Skip to main content

Running a Pyspark Job on Cloud Dataproc Using Google Cloud Storage

Hands-On Lab

 

Photo of Matthew Ulasien

Matthew Ulasien

Team Lead Google Cloud in Content

Length

00:30:00

Difficulty

Intermediate

This hands-on lab introduces how to use Google Cloud Storage as the primary input and output location for Dataproc cluster jobs. Leveraging GCS over the Hadoop Distributed File System (HDFS) allows us to treat clusters as ephemeral entities, so we can delete clusters that are no longer in use, while still preserving our data.

What are Hands-On Labs?

Hands-On Labs are scenario-based learning environments where learners can practice without consequences. Don't compromise a system or waste money on expensive downloads. Practice real-world skills without the real-world risk, no assembly required.

Running a Pyspark Job on Cloud Dataproc Using Google Cloud Storage

Introduction

In hands-on lab, we will cover how to use Google Cloud Storage as the primary input and output location for Dataproc cluster jobs.

Solution

On the lab page, right click Open GCP Console and select the option to open it in a new private browser window.

This option will read differently depending on the browser being used:

  • In Chrome it says "Open Link in Incognito Window".

  • In Firefox it says "Open link in new private window."

  • In Microsoft Edge, the message will be "Open in InPrivate window."

  • In Safari, press Alt or Option, then right click to get a menu where we will choose "Open link in new private window."

This will avoid any cached login issues. Once we're at the login screen, sign into Google Cloud Platform using the login info provided on the Credenitals section of the hands-on lab page.

On the Welcome to your new account screen, review the text, and click Accept. In the "Welcome L.A.!" window that pops up once we're signed in, check to agree to the terms of service, choose country of residence, and then click Agree and Continue.

Prepare Our Environment

  1. Click the "square command icon" in the top right of the screen.

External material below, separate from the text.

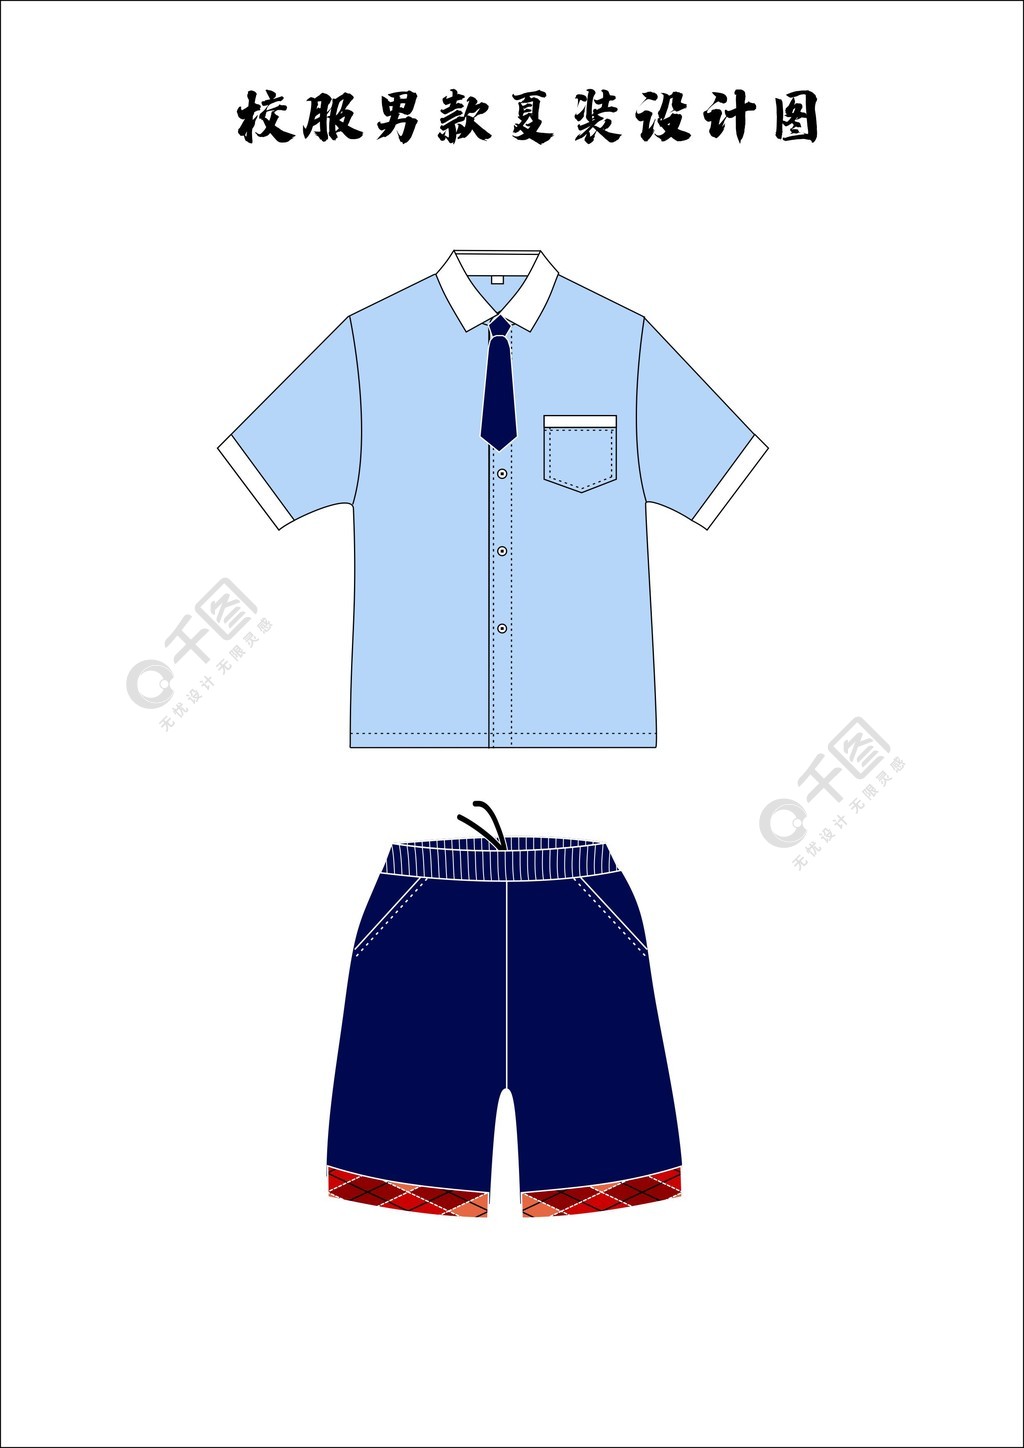 服装设计中小学校服夏季款式图效果图矢量图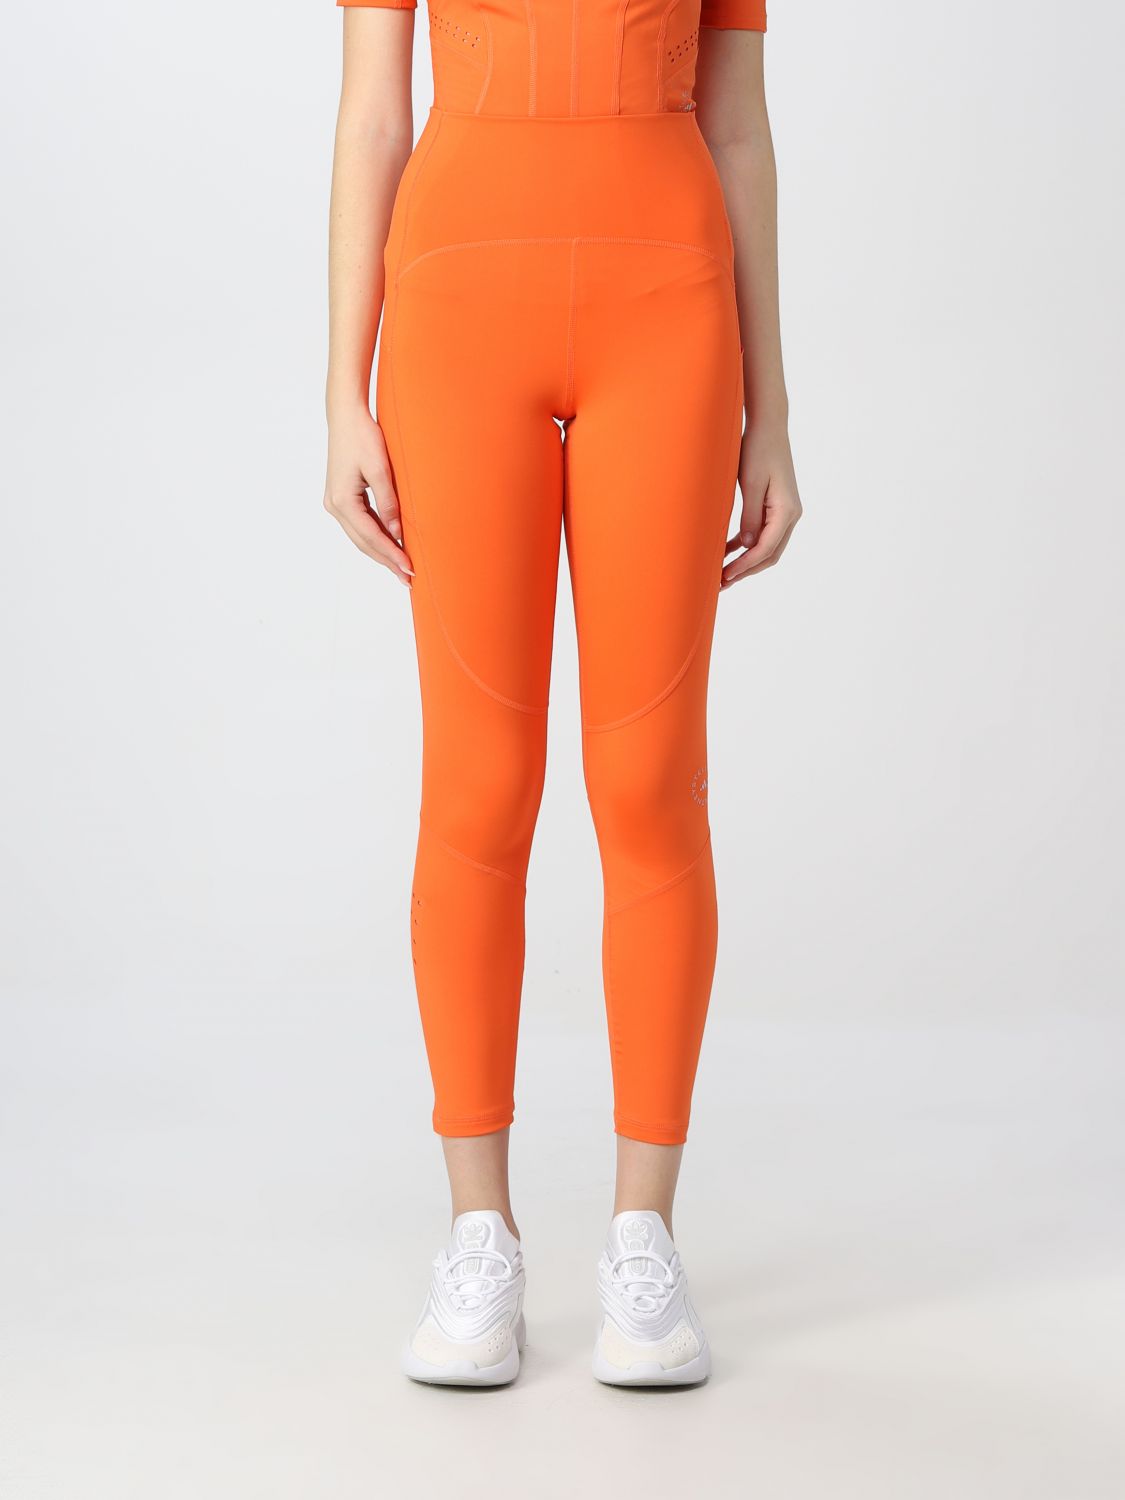 Pantalone Adidas By Stella Mccartney: Pantalone Adidas By Stella Mccartney donna arancione 1

  2. Click START CLOUD SHELL.

  3. First, we need to enable the Dataproc API, with:

    gcloud services enable dataproc.googleapis.com
  4. Next, we will create a Cloud Storage bucket:

    gsutil mb -l us-central1 gs://$DEVSHELL_PROJECT_ID-data
  5. Verify in the web console that the bucket was created by accessing the top-left menu, and then click Storage.

    Note: We should see that our bucket name is identical to the project ID, followed by -data.

  6. Now create the ephemeral dataproc cluster:

    gcloud dataproc clusters create wordcount --zone=us-central1-f --single-node --master-machine-type=n1-standard-2
  7. Verify that the dataproccluster was created by accessing the top-left menu, and then click Dataproc underneath the BIG DATA section.

    Note: It can take a few minutes for the creation process to complete.

  8. Finally, download the wordcount.py file that will be used for the pyspark job:

    gsutil cp -r gs://la-gcp-labs-resources/data-engineer/dataproc/* .
  9. We can view the directory contents with the ls command.

  10. Look at the wordcount.py file directly with the following command:

    vim wordcount.py
  11. Use the following command to view the file that we will be copying shortly:

    vim romeoandjuliet.txt

    Submit the Pyspark Job to the Dataproc Cluster

  12. In Cloud Shell, type the following, and then hit enter:

    gcloud dataproc jobs submit pyspark wordcount.py --cluster=wordcount -- 
    gs://la-gcp-labs-resources/data-engineer/dataproc/romeoandjuliet.txt 
    gs://$DEVSHELL_PROJECT_ID-data/output/
  13. View the progress by going back to the Dataproc page's Cluster Details section, and click Jobs on the top-left menu to access the job.

    Note: This job may take approximately 30-45 seconds to complete, and we should see a confirmation message in the Job Details section when clicking on the job.

  14. Navigate to the top-left menu, and then click Storage.

  15. Click on the data location bucket.

    Note: Do not click on the staging bucket that has dataproc its name.

  16. Click the output folder.

Review the Pyspark Output

  1. In Cloud Shell, download output files from the GCS output location:

    gsutil cp -r gs://$DEVSHELL_PROJECT_ID-data/output/* .

    Note: Alternatively, we could download them to our local machine via the web console.

  2. We can view the contents again, with the ls command.

  3. Use the following to see an output file:

    vim part-00001
  4. Use the following to see the output file:

    vim part-00000

Delete the Dataproc Cluster

  1. We don't need our cluster any longer, so let's delete it. In the web console, go to the top-left menu and into BIGDATA > Dataproc.

  2. Select the wordcount cluster, then click DELETE > OK to confirm.

    Our job output still remains in Cloud Storage, allowing us to delete Dataproc clusters when no longer in use to save costs, while preserving input and output resources.

Conclusion

Congratulations - you've completed this hands-on lab!